Она рассказывает о серии каких то таинственных свиданий с друзьями Довлатова, которые требовали от нее выйти за Сергея замуж, угрожая его самоубийством или даже уходом в армию. Довлатов тоже был не железный, и может, надеялся хотя бы после женитьбы зажить по-человечески, с нормальными отношениями. Может быть, он в отчаянии думал, что Ася держится так независимо и дерзко лишь потому, что не оформлен их брак? Или это для изощренного Довлатова выглядело слишком просто, и он проводил очередной сюжетный эксперимент?
Совсем уже невероятным (но таков уж был накал их отношений) выглядит история с винтовкой, когда Довлатов закрыл Асю в комнате и произнес, видимо, заранее заготовленную и отточенную фразу: «Самоубийства от тебя не дождешься – но в эпизоде убийства ты незаменима», и выстрелил – правда, мимо.
Ася скрупулезно, мастерски и как бы с абсолютным профессиональным хладнокровием прослеживает расчетливое и циничное использование всех этих «безумств» Довлатова в дальнейшей его работе над «Филиалом» и даже «Зоной». Мысль ее прихотливо-изысканна, но понятна: все главное и ценное, что сделал Довлатов, зарождалось при ней, при ее участии и даже под ее «художественным руководством».
Но кроме литературного соперничества было, увы, и другое.
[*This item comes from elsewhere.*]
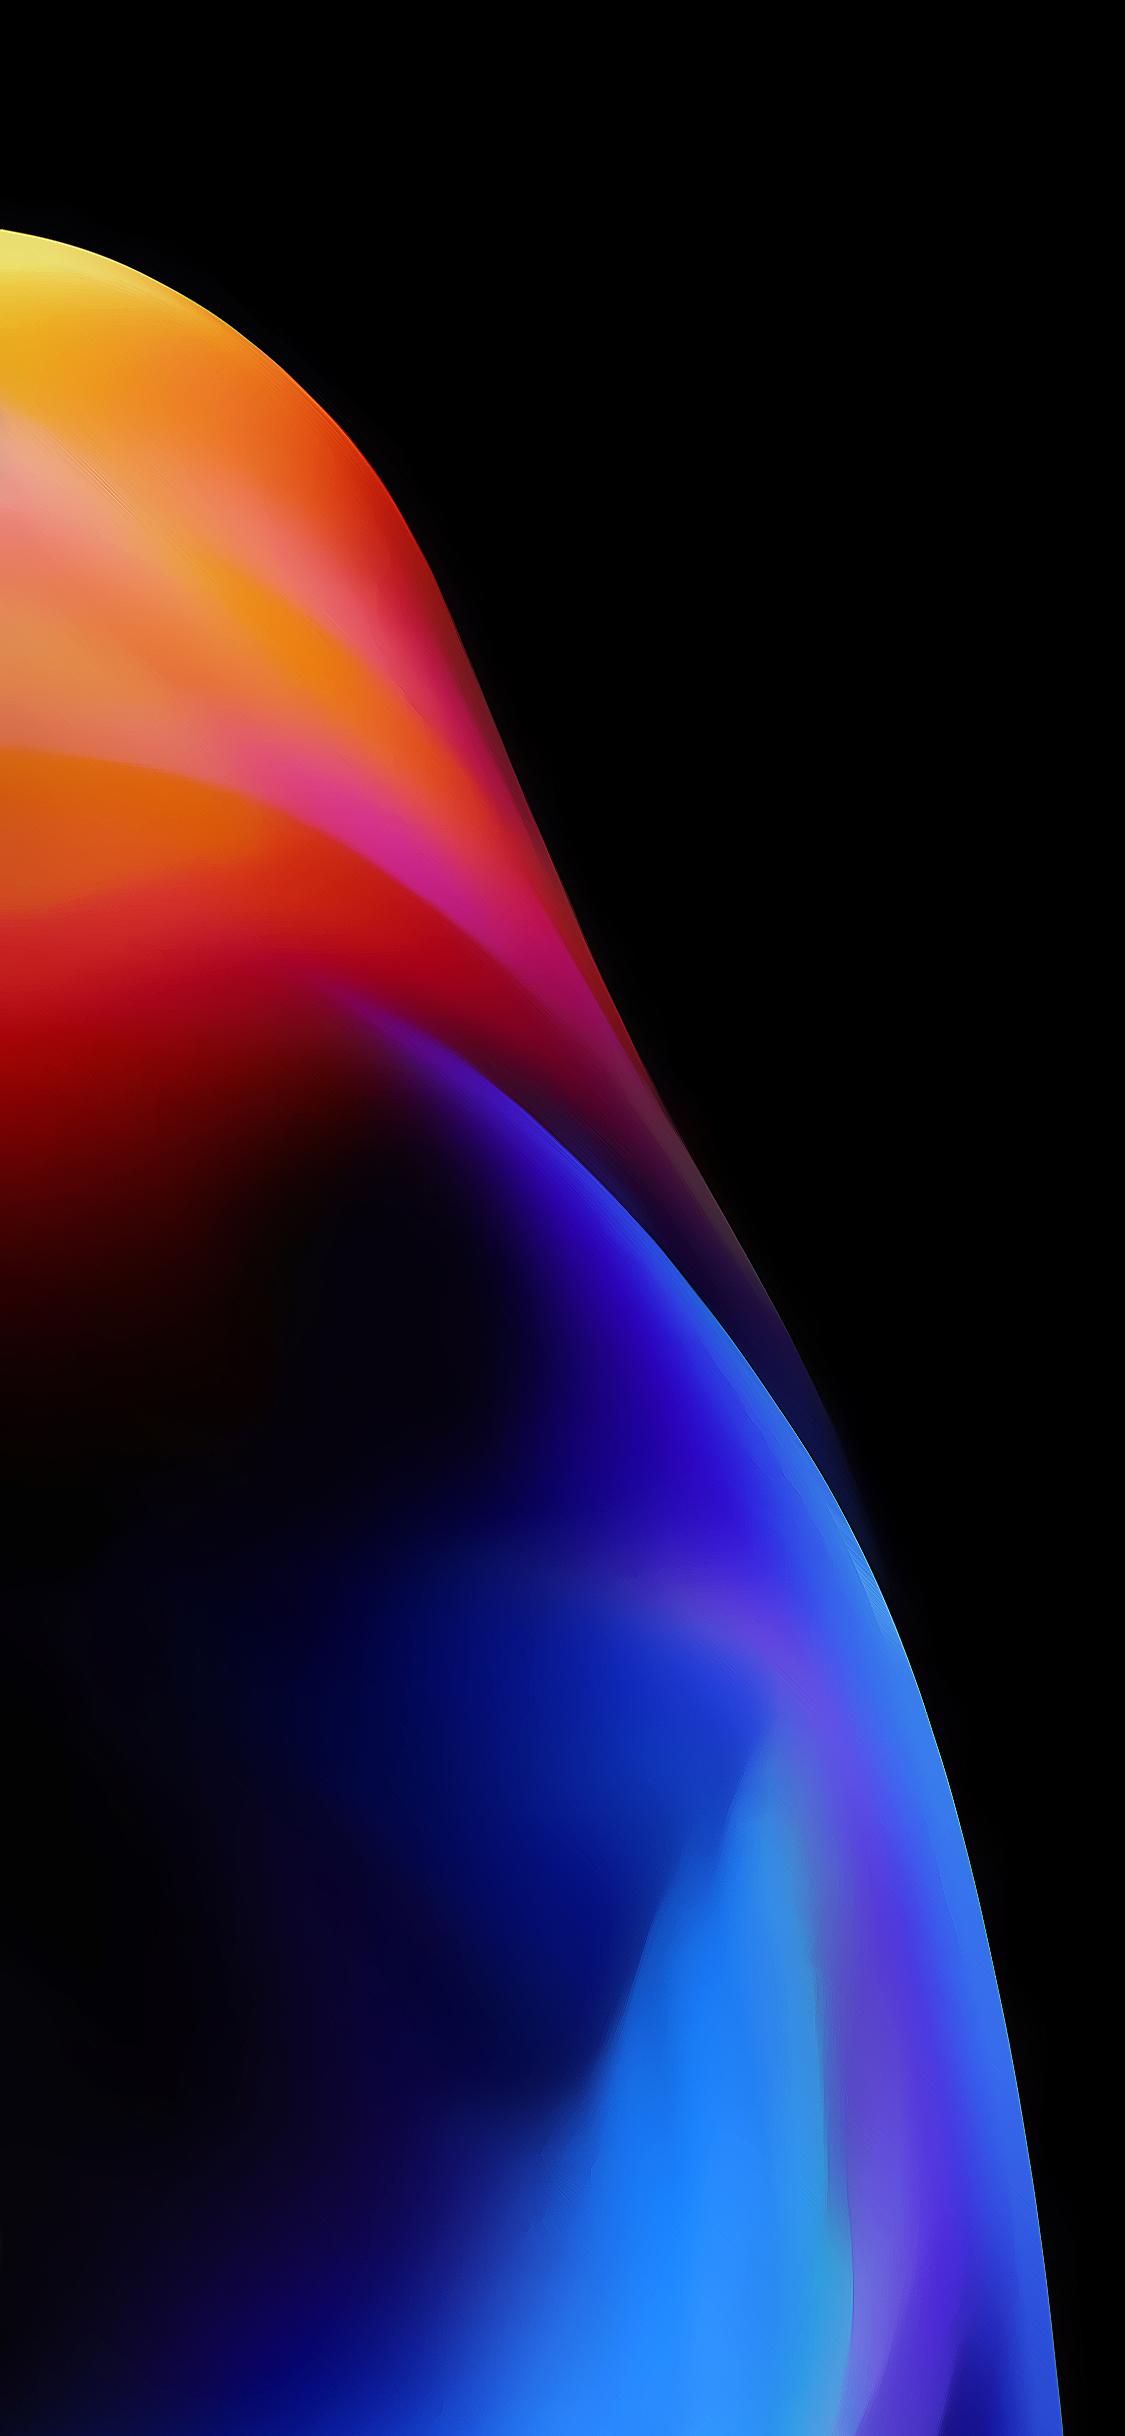 Iphone8 8 Plusのredモデル公式イメージの壁紙が公開 Iphone Mania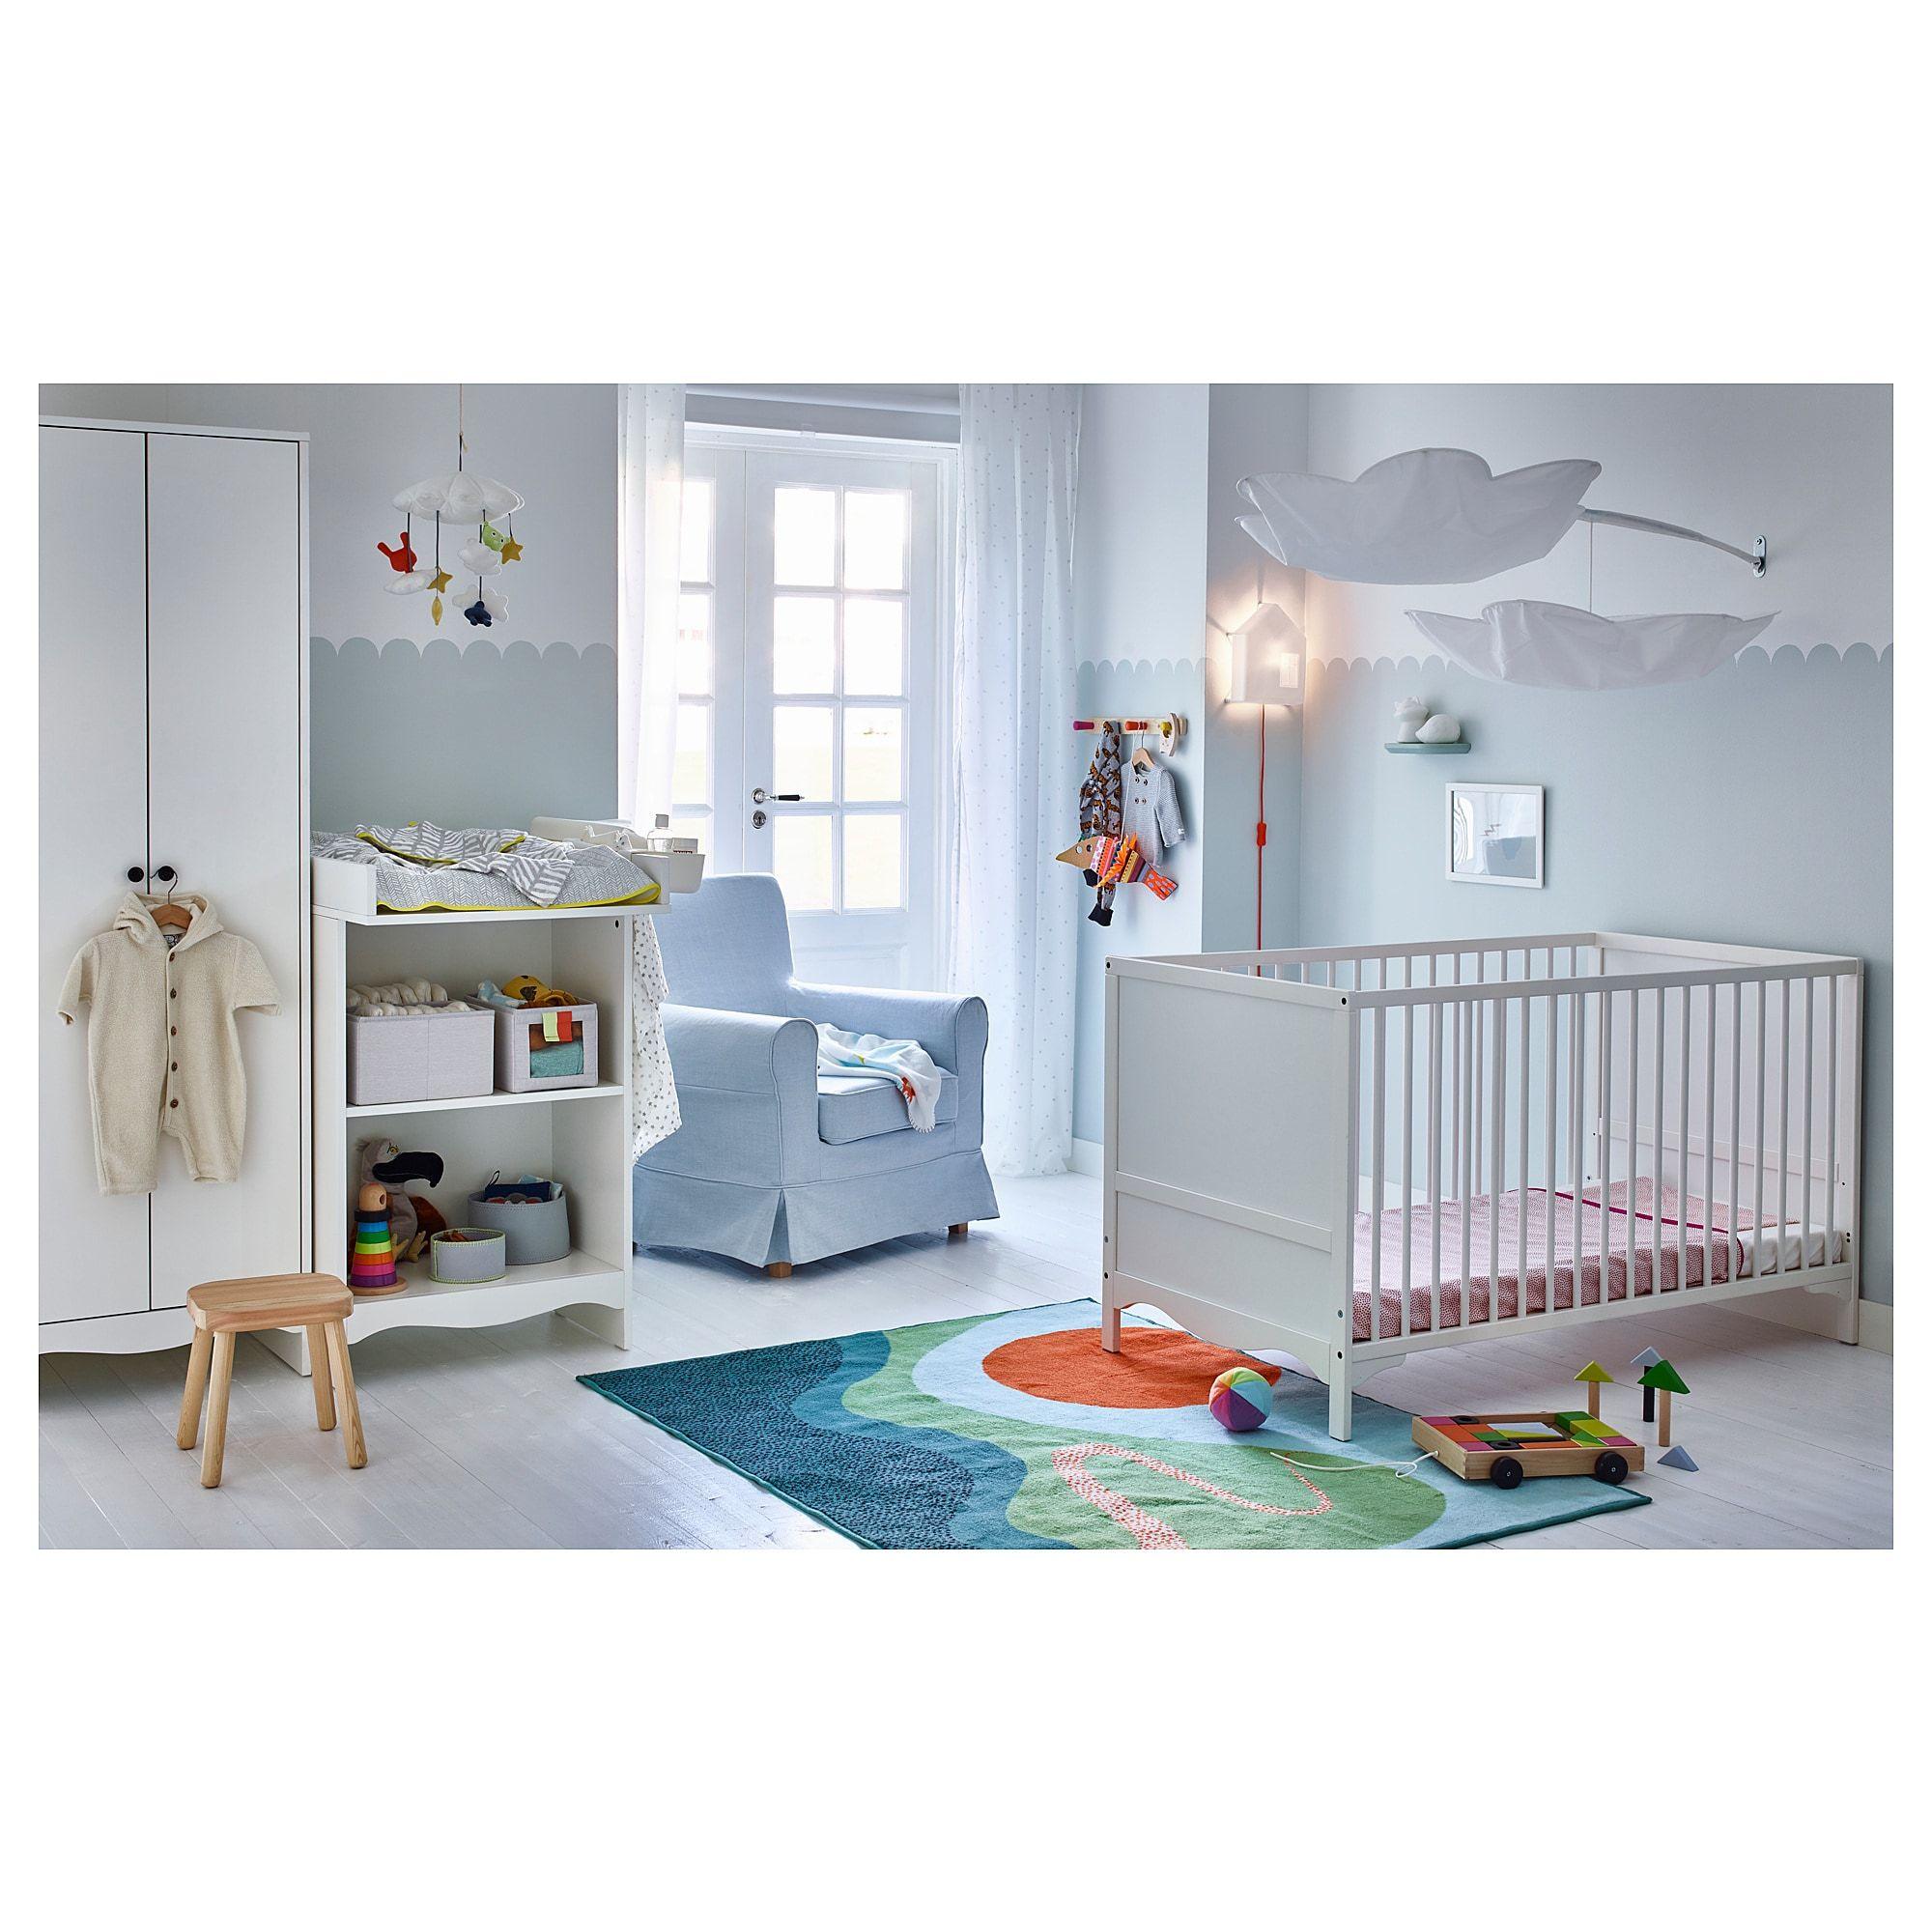 IKEA SOLGUL Crib white Ikea baby, Baby boy rooms, Cribs

Вспоминает близкая Асина подруга Лариса Кондратьева:
«Мне кажется, Сережа не был ее единственной любовью. Я наблюдала и хорошие ее отношения и к другим молодым людям. К Алику Римскому-Корсакову, например. Может быть, после долгой жизни с родителями в коммунальной квартире ей очень уж хотелось узнать что-то другое, из темного коридора выйти на свет. Возможно, красивым женщинам вообще присуще желание новых побед. Я не знаю, в чем было дело».